_About this exercise_
From top to bottom, write out the listing exactly and skip every picture.

_Given information_
•••

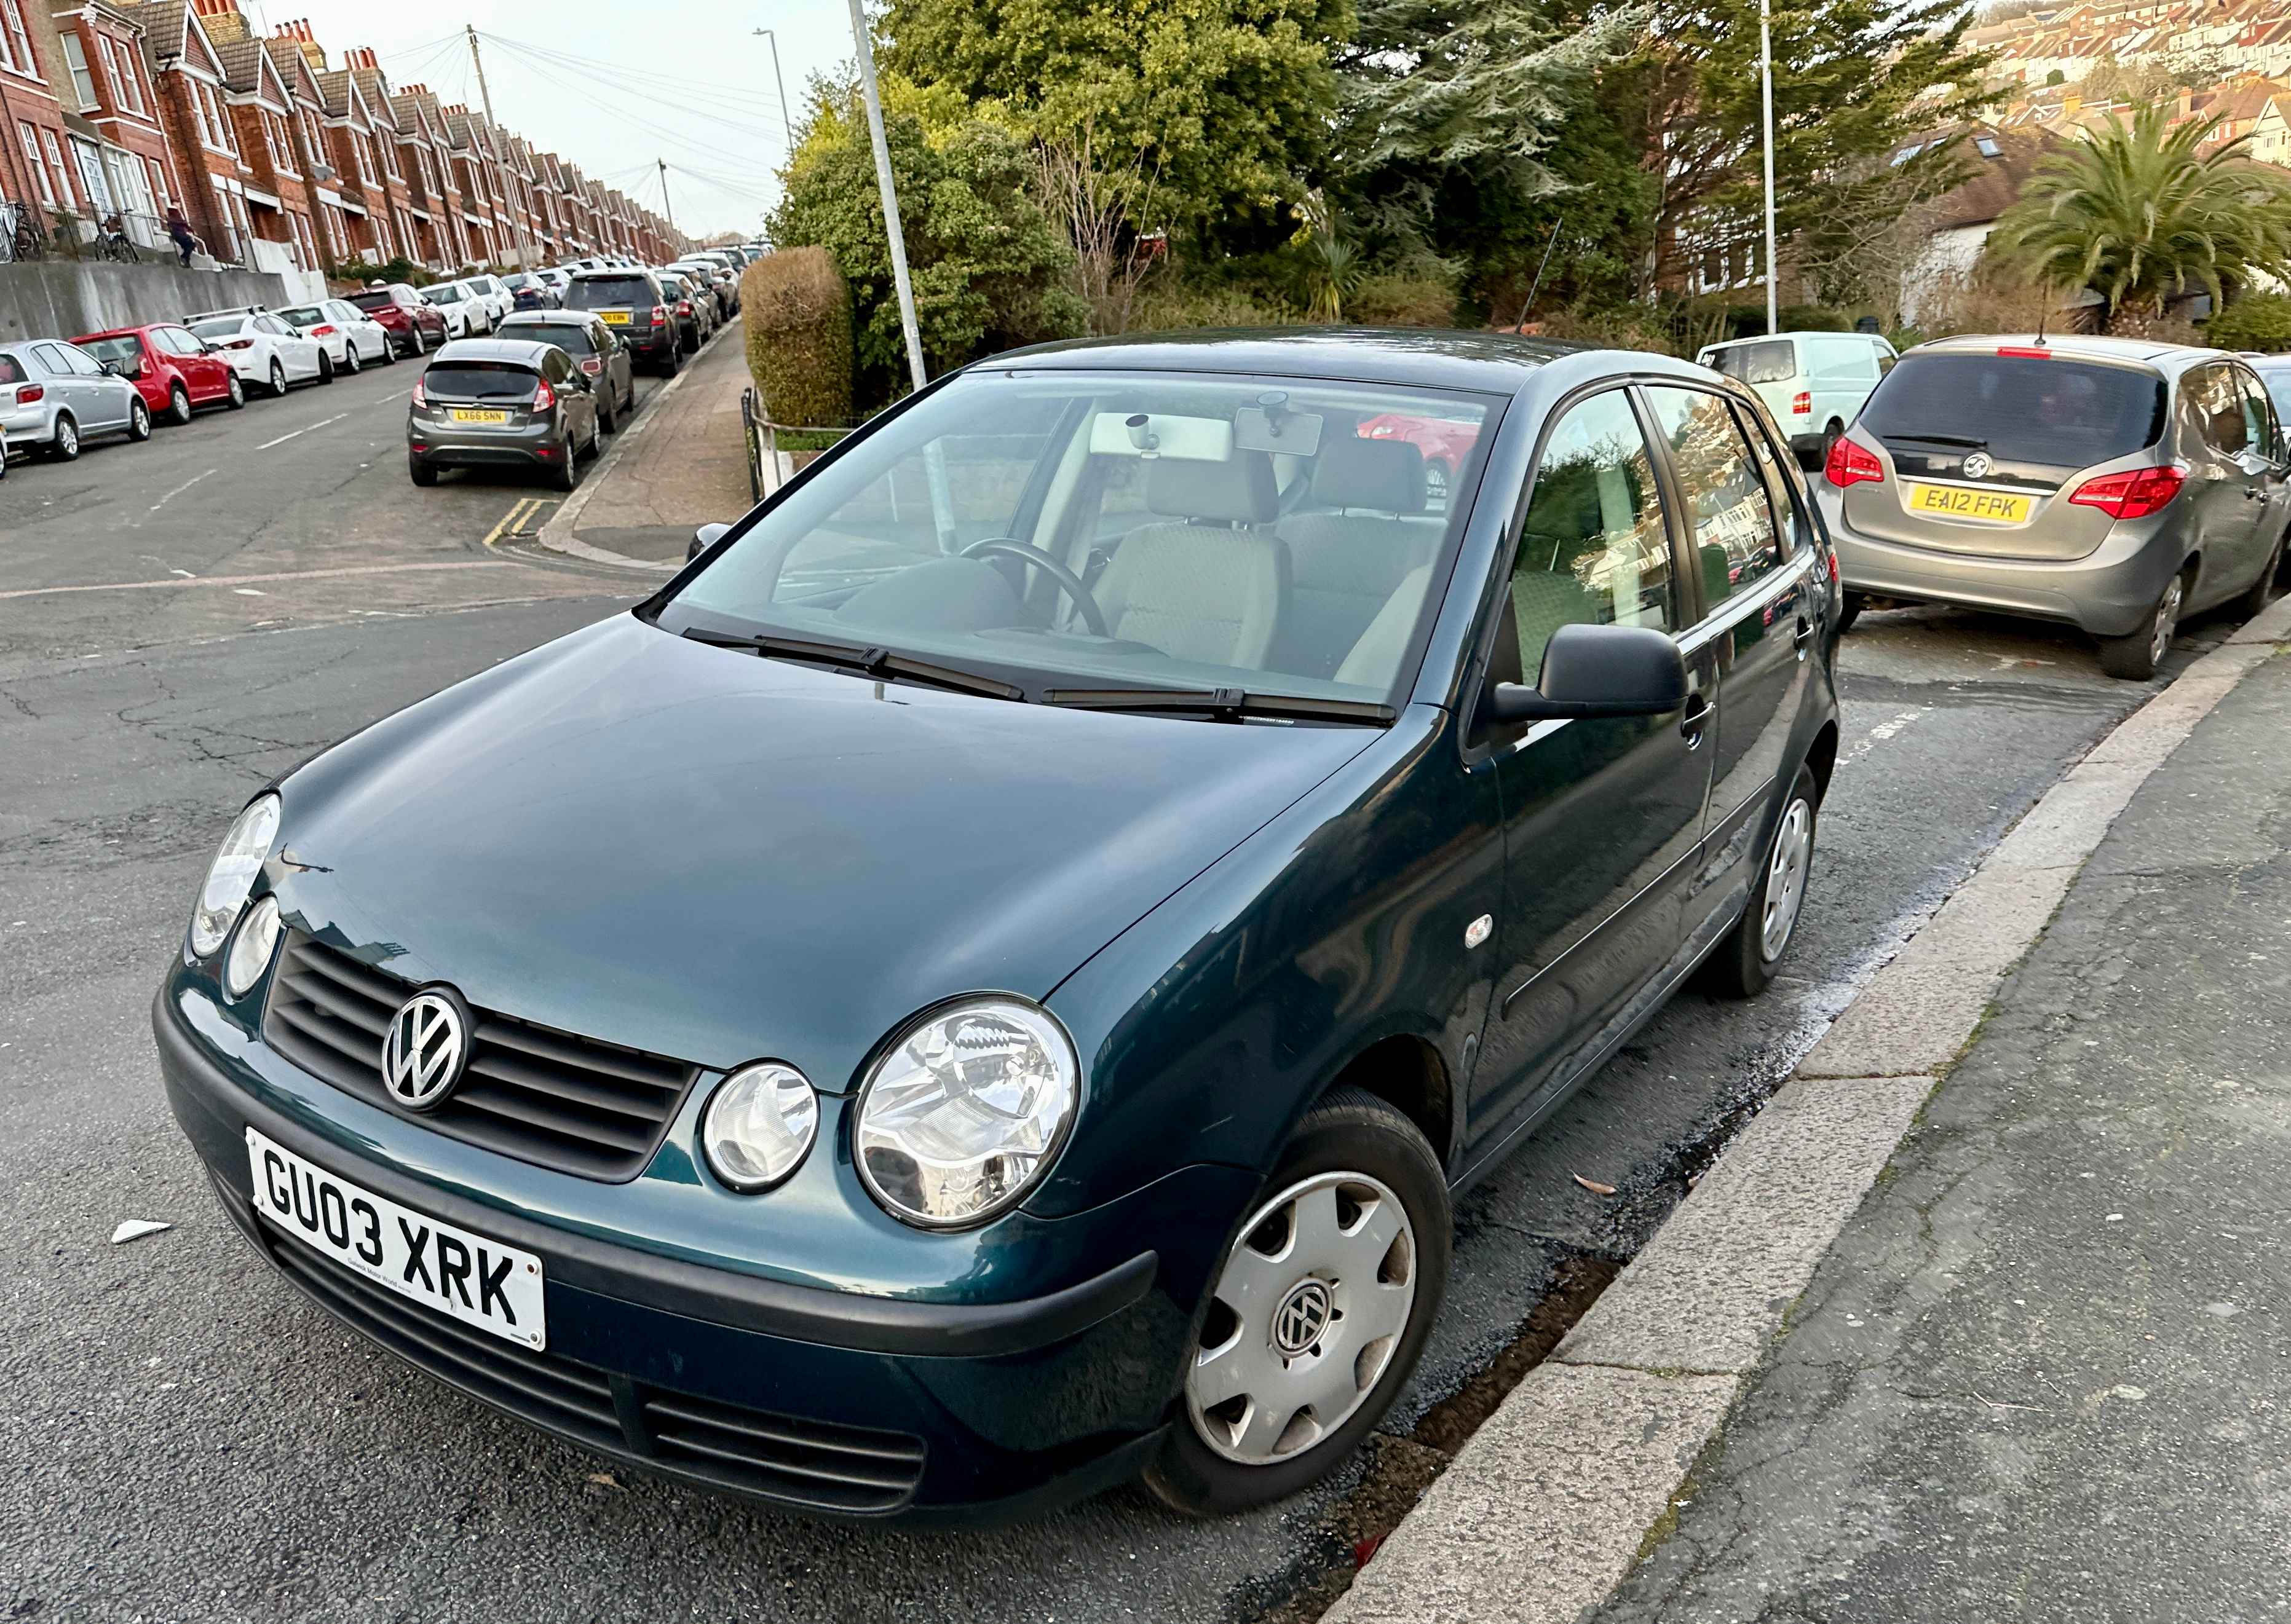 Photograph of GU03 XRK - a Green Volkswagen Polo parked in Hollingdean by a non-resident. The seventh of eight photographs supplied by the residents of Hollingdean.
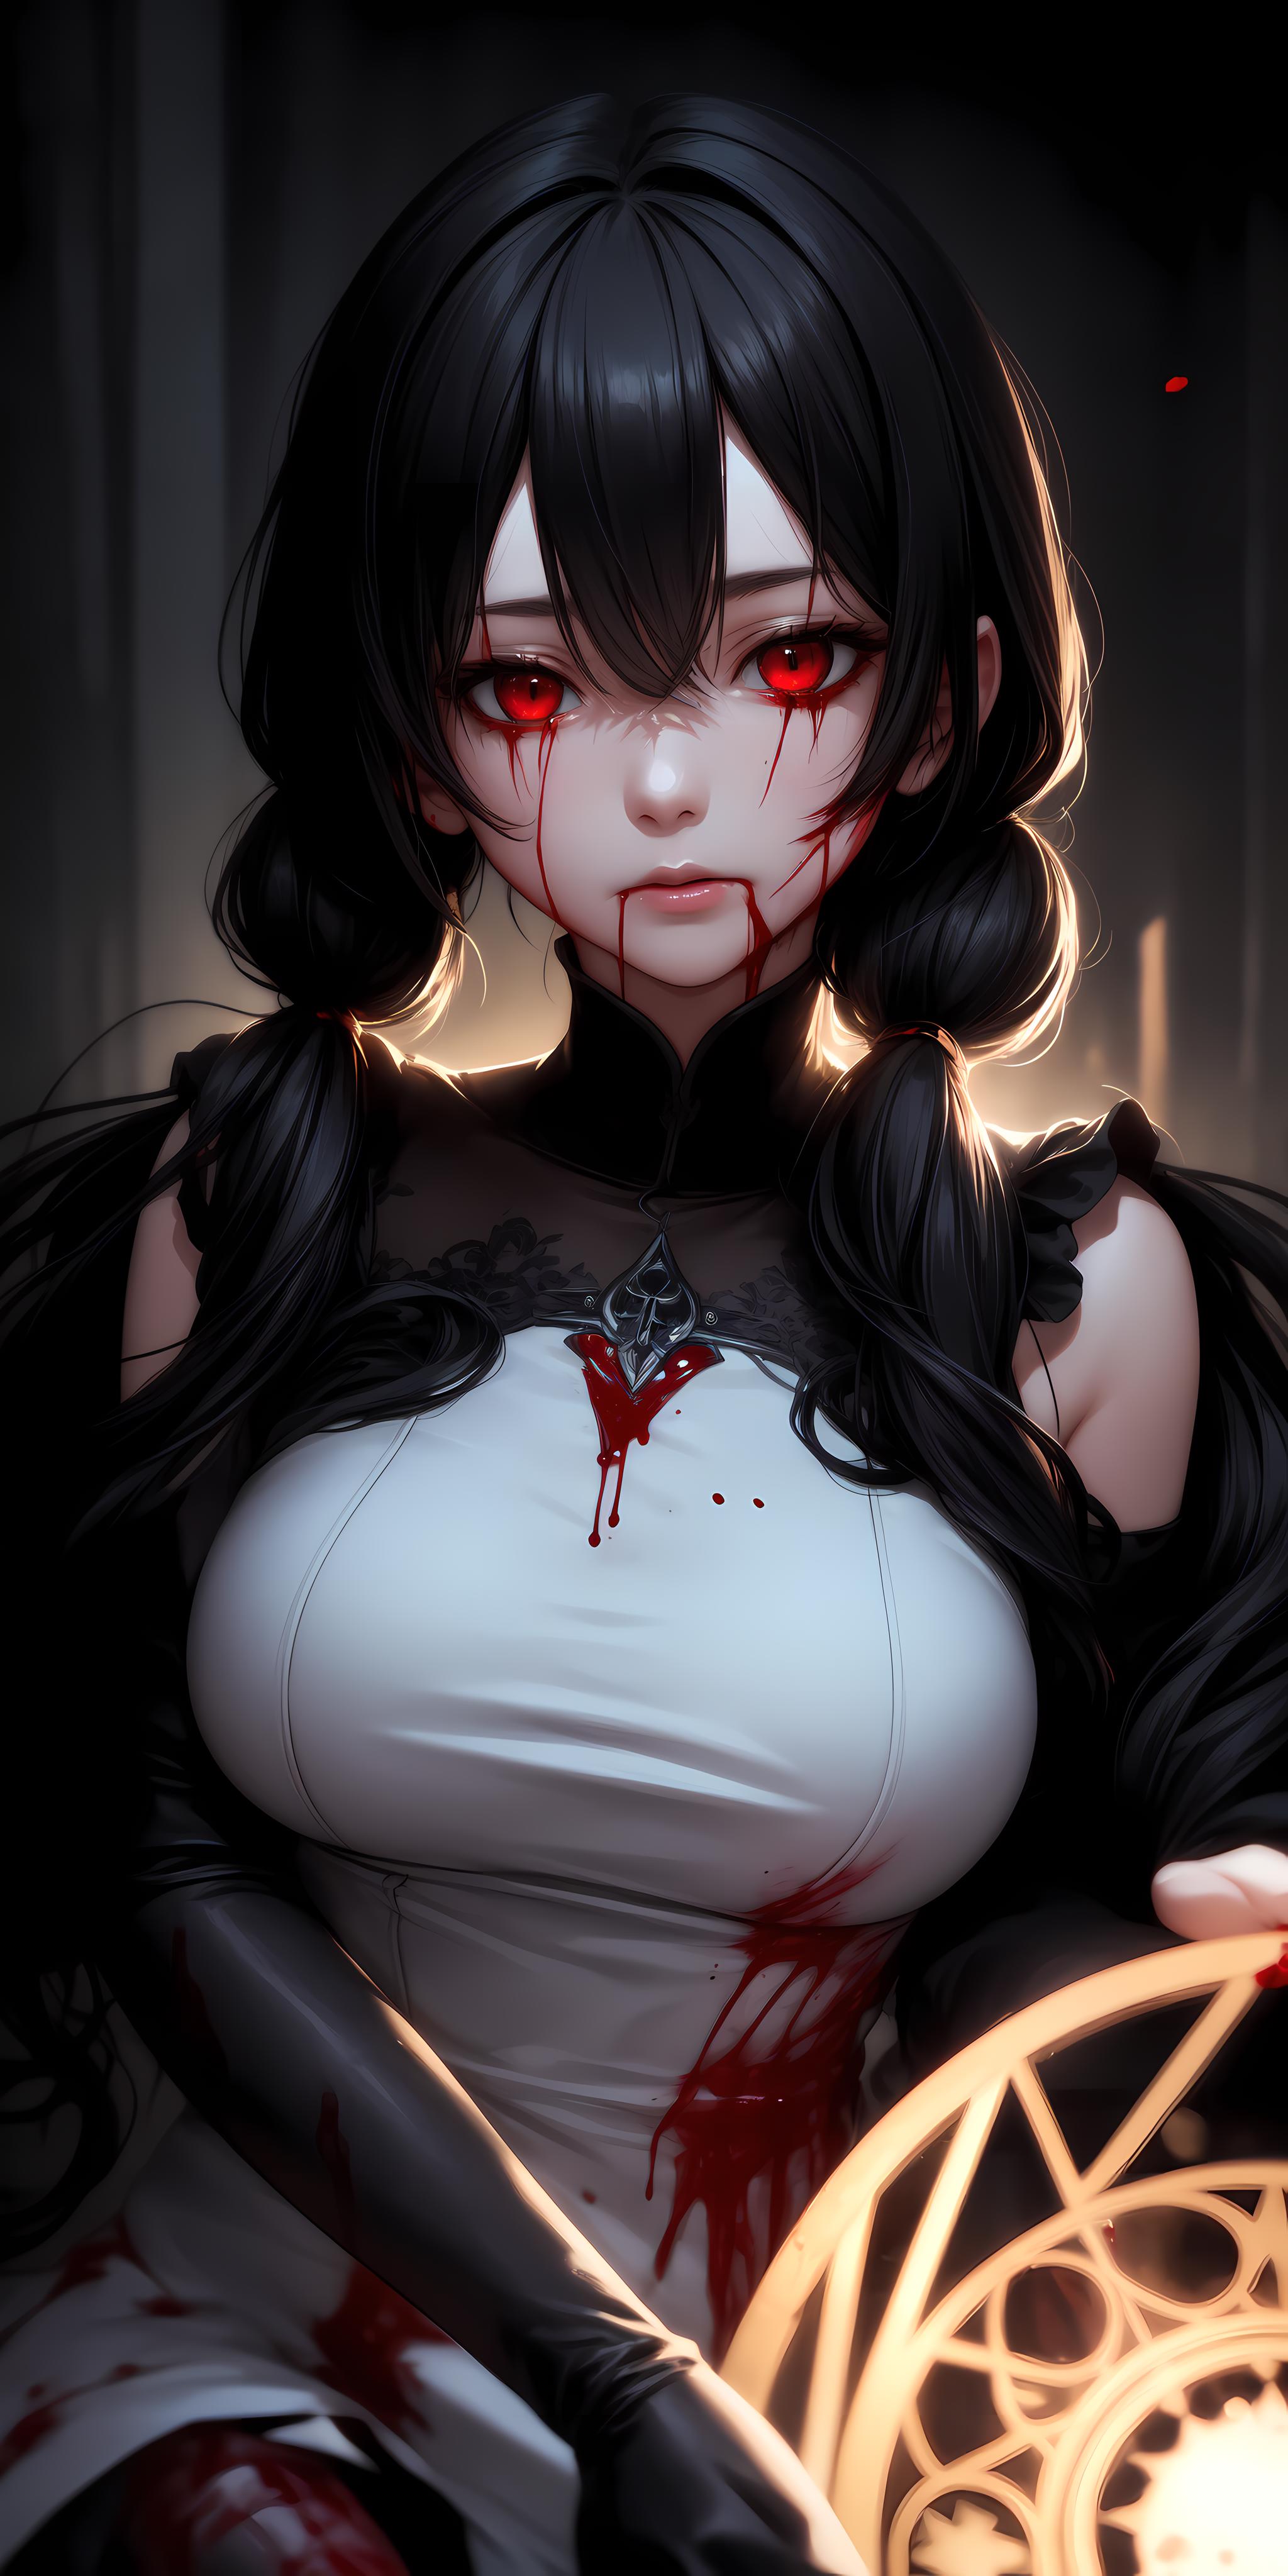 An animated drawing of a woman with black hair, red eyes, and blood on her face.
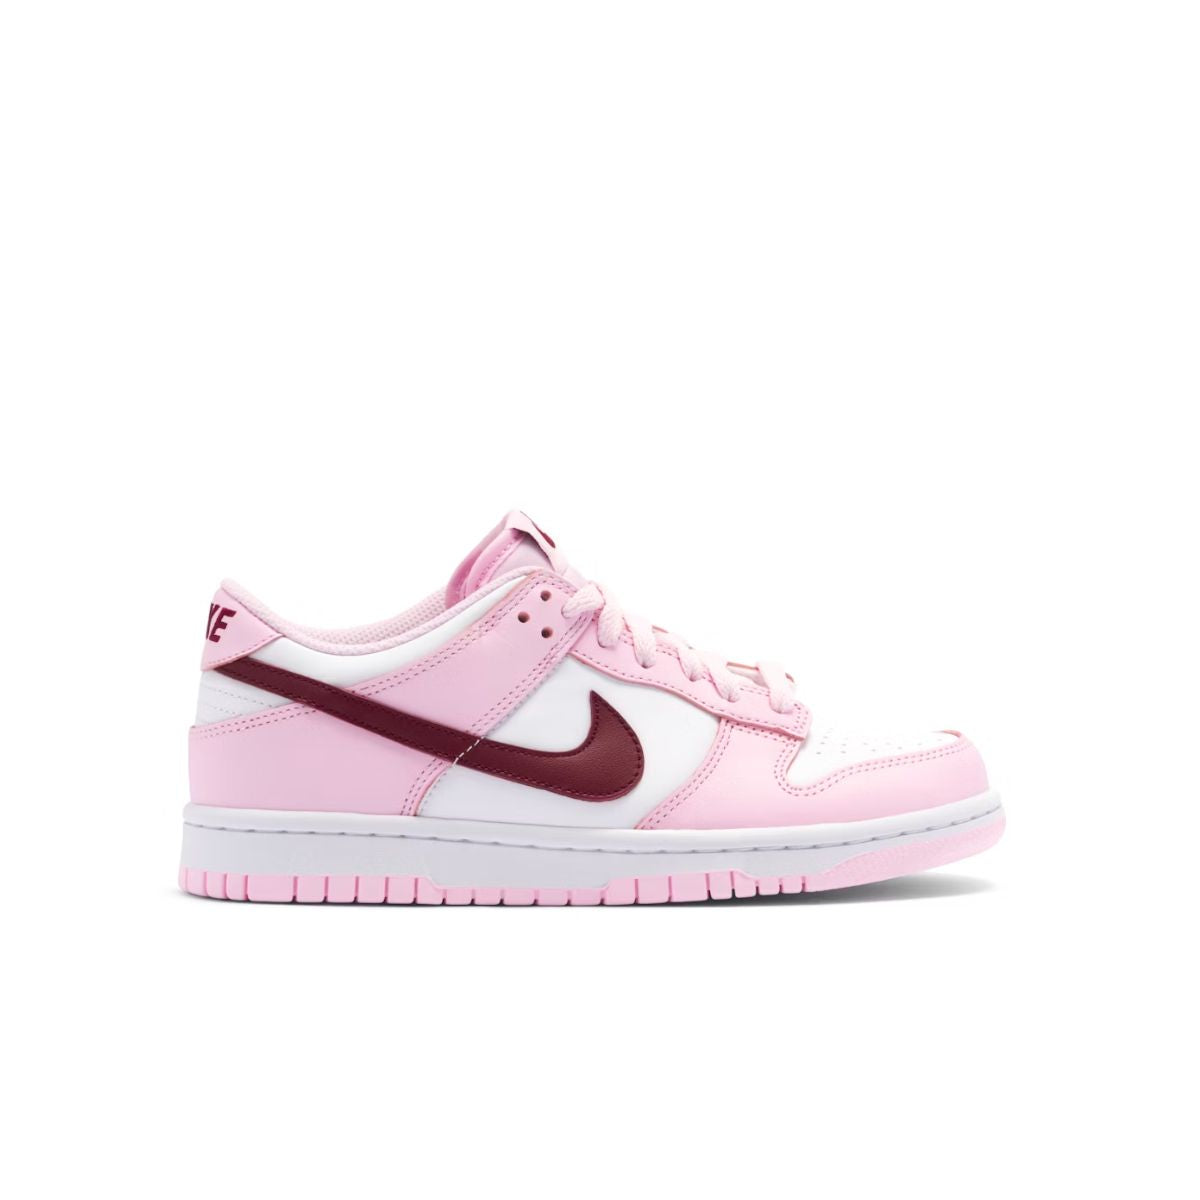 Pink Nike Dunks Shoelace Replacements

•••

_Completed task_
 Photograph of GU03 XRK - a Green Volkswagen Polo parked in Hollingdean by a non-resident. The seventh of eight photographs supplied by the residents of Hollingdean.
 An animated drawing of a woman with black hair, red eyes, and blood on her face.
 Pink Nike Dunks Shoelace Replacements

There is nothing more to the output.